Deep breathing is just as it sounds—deeper, longer, more purposeful breath that “involves contraction of the diaphragm, expansion of the belly and deepening of inhalation and exhalation,” according to the National Institutes of Health.

Technique:

1. Breathe in through your nose with your mouth gently closed, filling your lungs, diaphragm and belly.

2. At the top of your breath, hold for three seconds.

3. Breathe out through your mouth. Pay attention to how your body expands and contracts. Feel the air enter and leave your body.

• • •

Alternate nostril breathing (Nadi shodhana)

Excellent for calming the mind, alternate nostril breathing balances the left and right hemispheres of your brain to help ease physical and mental imbalance. In an interview with Anderson Cooper, former Secretary of State Hillary Clinton touted this exercise as a key stress reliever.

Breathing for kids

Teaching your kiddo breathing techniques can be the key to diffusing hyper, anxious or upset moods. Deep breathing can help calm a child by increasing blood flow, which will improve clarity and your child’s ability to focus.

Technique:

1. Sit with your back straight and shoulders relaxed.
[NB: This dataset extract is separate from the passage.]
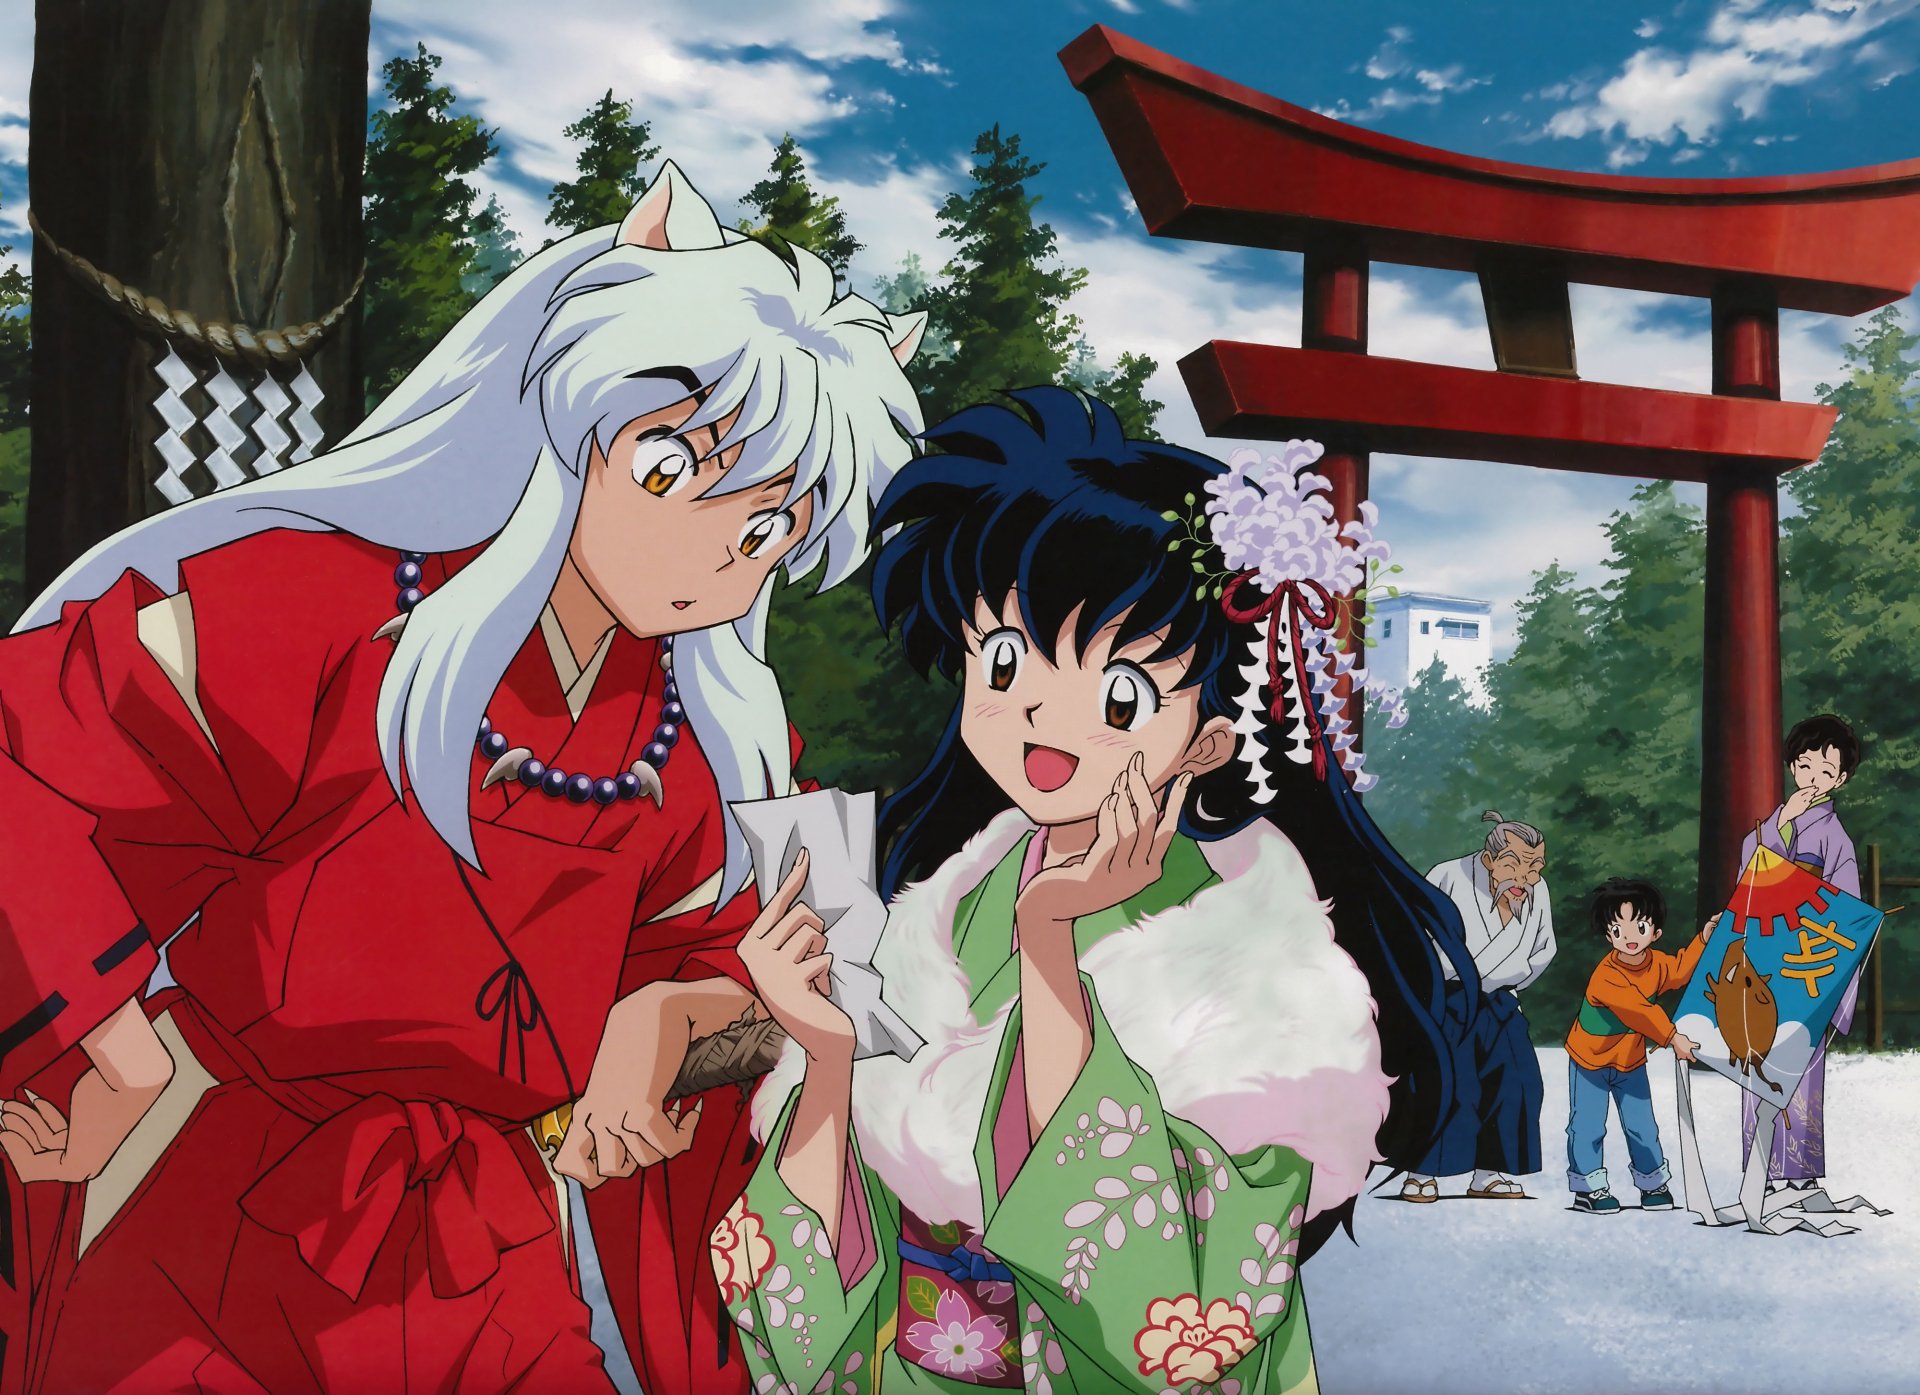 InuYasha 4k Ultra HD Wallpaper and Background Image | 4000x2906 | ID:227918

2. With your right hand, place your pointer and middle finger in the center of your forehead and use it to stabilize your hand (your thumb and ring finger will be used to press on and close your nostrils).

3. Close your eyes and then your right nostril with your thumb.

4. Inhale slowly through your left nostril. At the top of your breath, close your left nostril with your ring finger so that both nostrils are closed. Hold for a moment.

5. Open your right nostril and exhale through it slowly. Pause at the bottom of your breath.

6. Through your right nostril, breathe in slowly. At the top of your breath, close it with your thumb and pause.

7. Open your left nostril and exhale slowly.

8. Repeat.

Am I doing it right?

If you want to track your efforts, heart rate monitors and breathing apps can help you follow your progress. Your heart rate will increase when you inhale and decrease when you exhale; look for correlations between your heart rate, behavior and physical health. If you see your heart rate increase because of stress, practice your breathing techniques and note how you respond.

Here are a few apps that may help your progress: Calm; Headspace: Meditation; The Breathing App; Oak: Meditation and Breathing

Need additional help? YouTube is loaded with breathing technique videos offering tips and tricks to help you with your practice.